Dataset section:
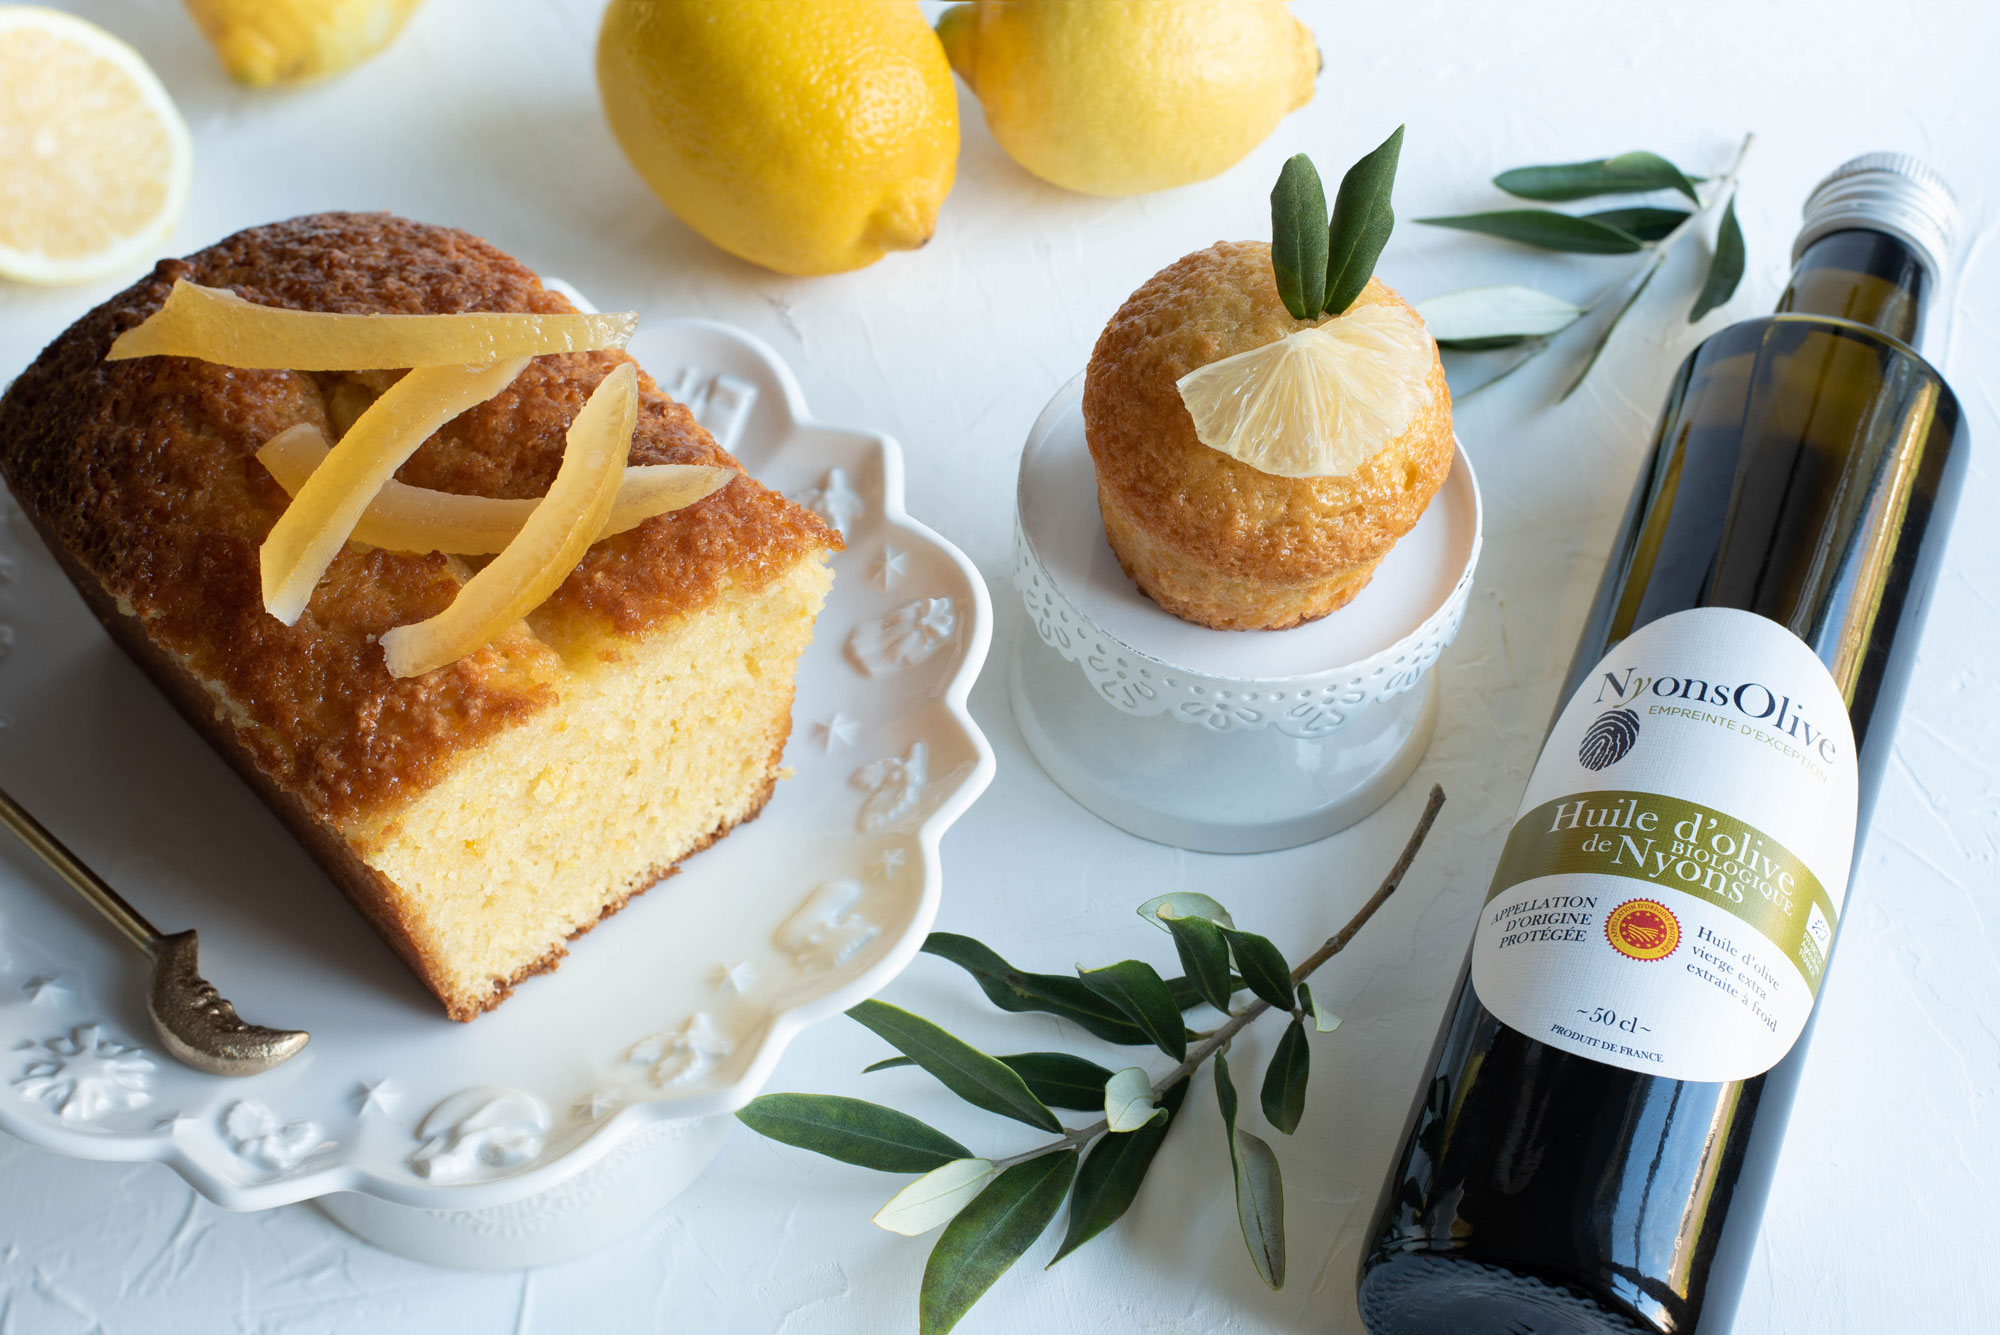 Cake au citron et à l’huile d’olive de Nyons biologique NyonsOlive
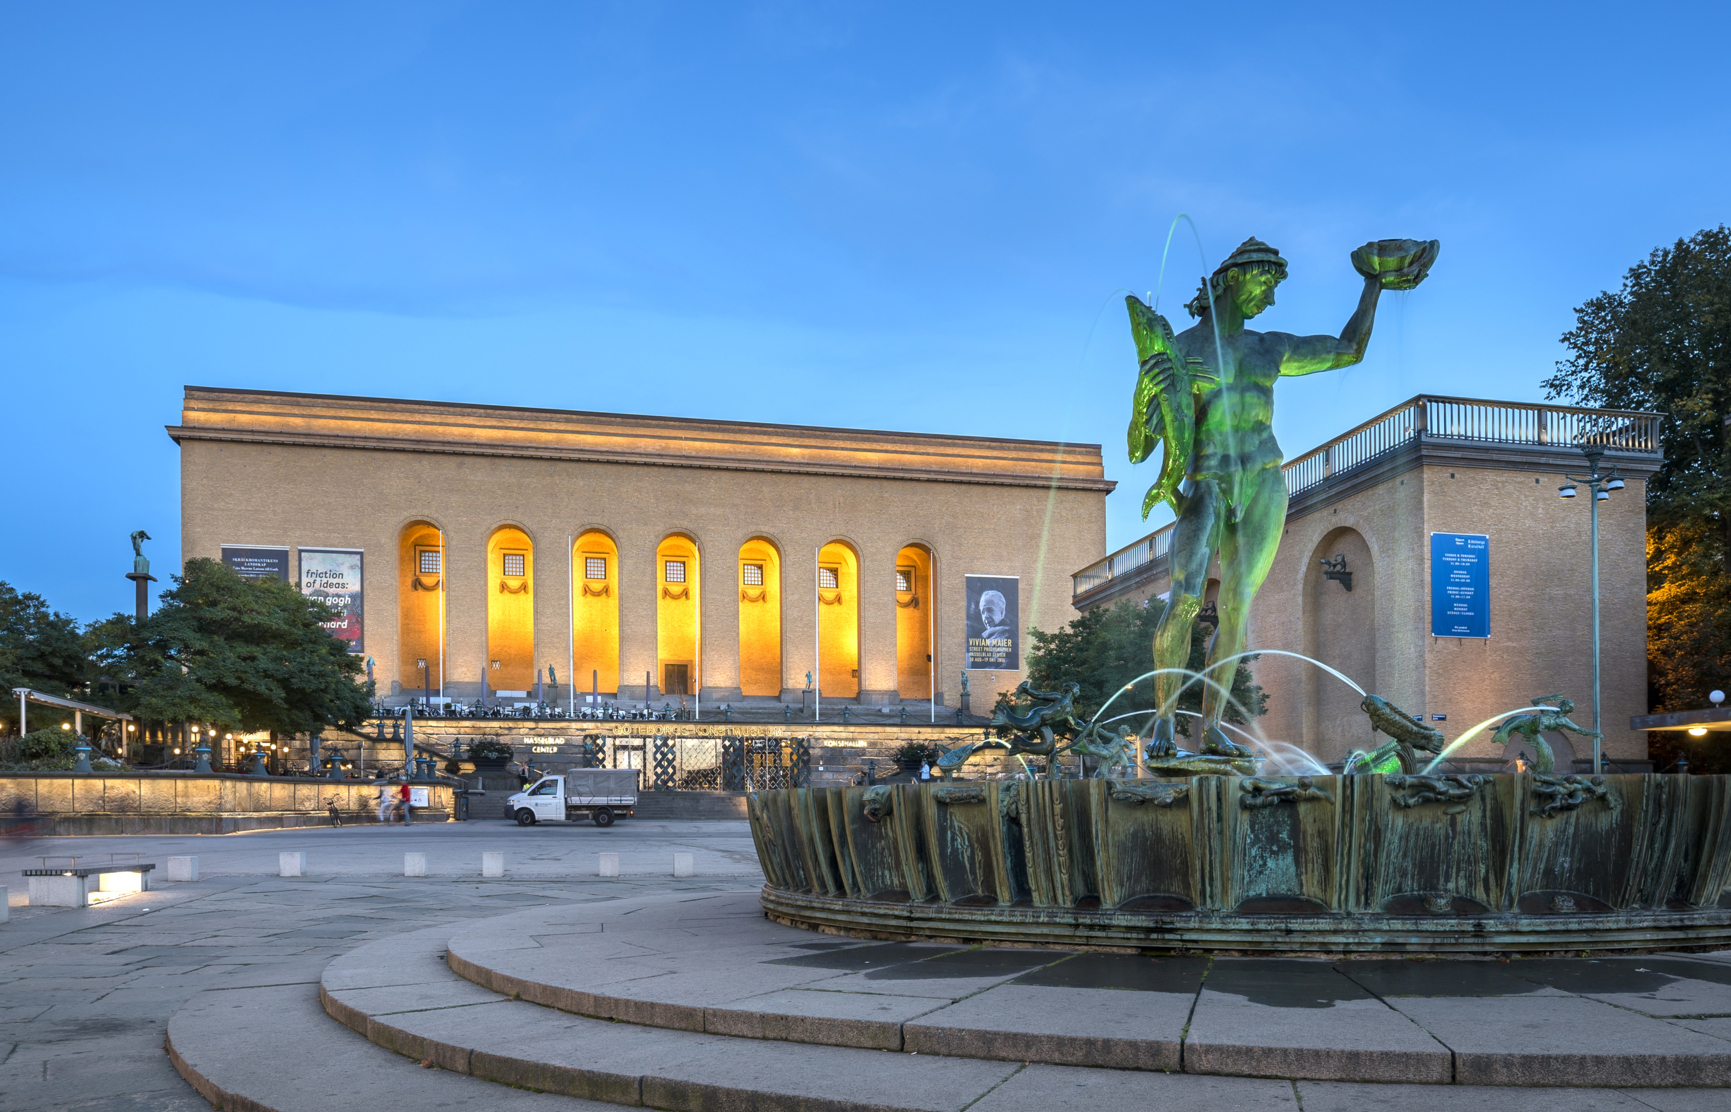 Poseidon-statyn och Göteborgs konstmuseum lyser upp vid Götaplatsen.
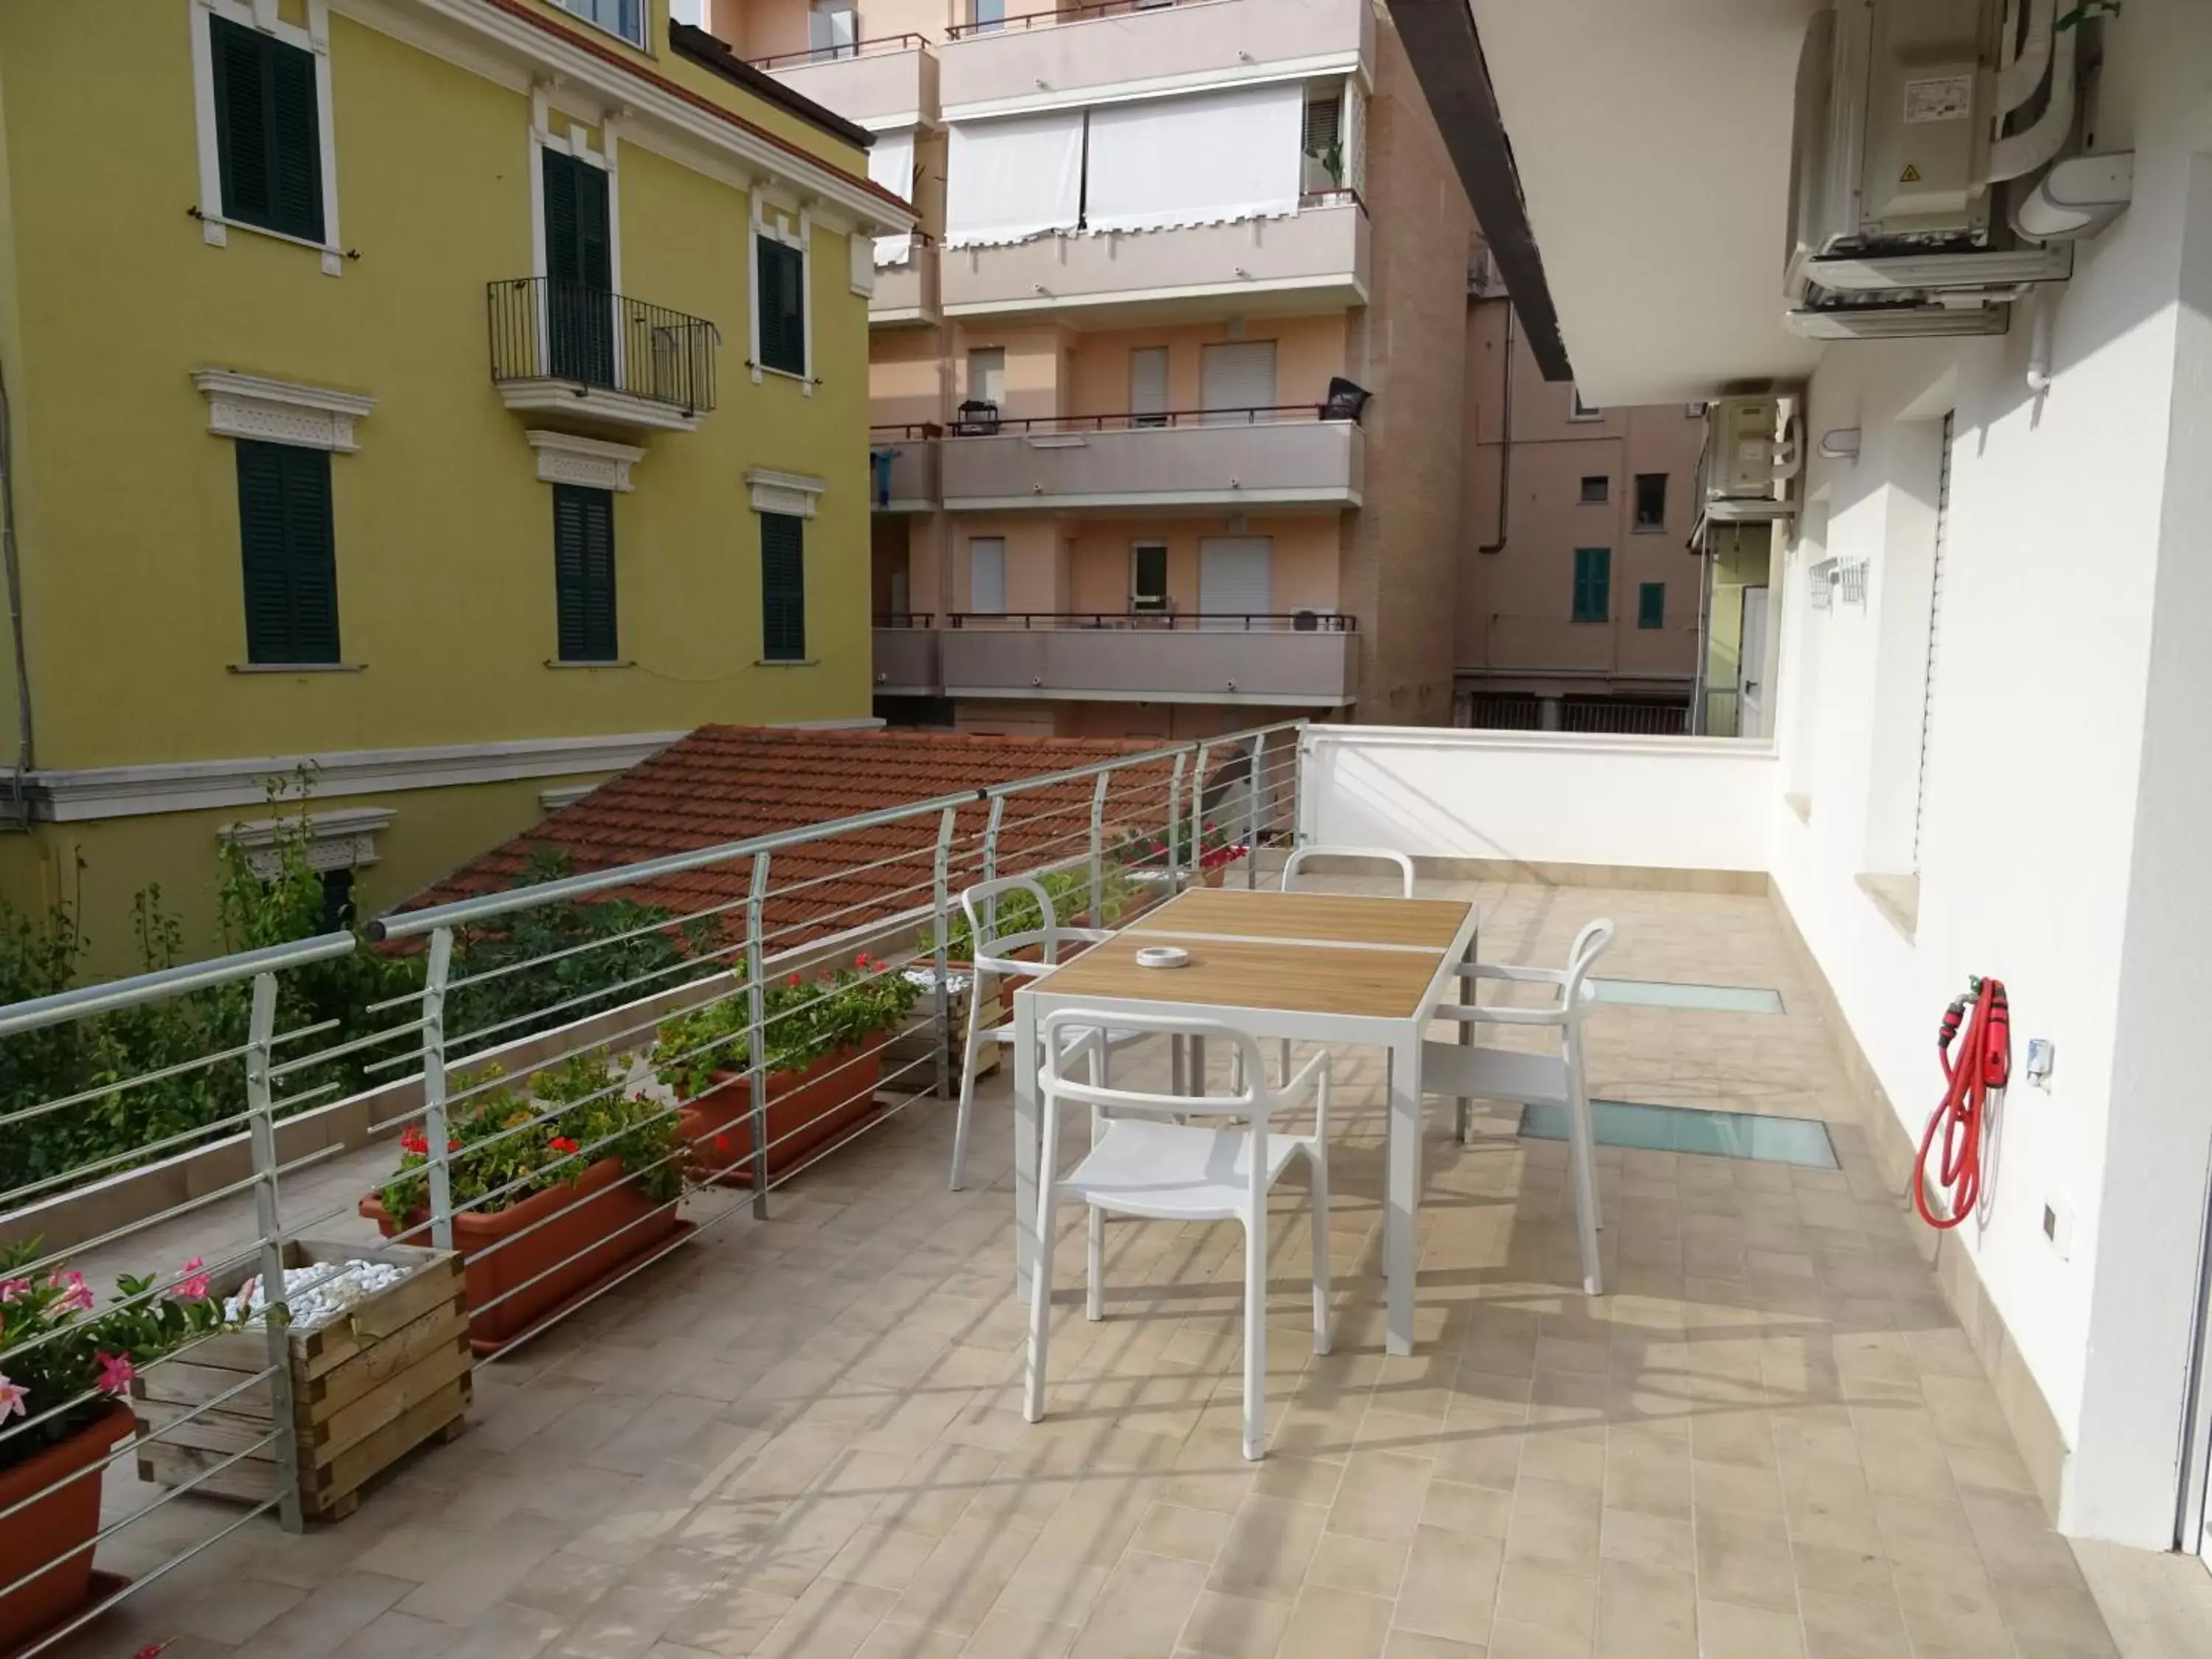 Balcony/Terrace in Meeting

What to work on: From the first line to the last, return the material above exactly, apart from the pictures.

Response:
 Cake au citron et à l’huile d’olive de Nyons biologique NyonsOlive
 Poseidon-statyn och Göteborgs konstmuseum lyser upp vid Götaplatsen.
 Balcony/Terrace in Meeting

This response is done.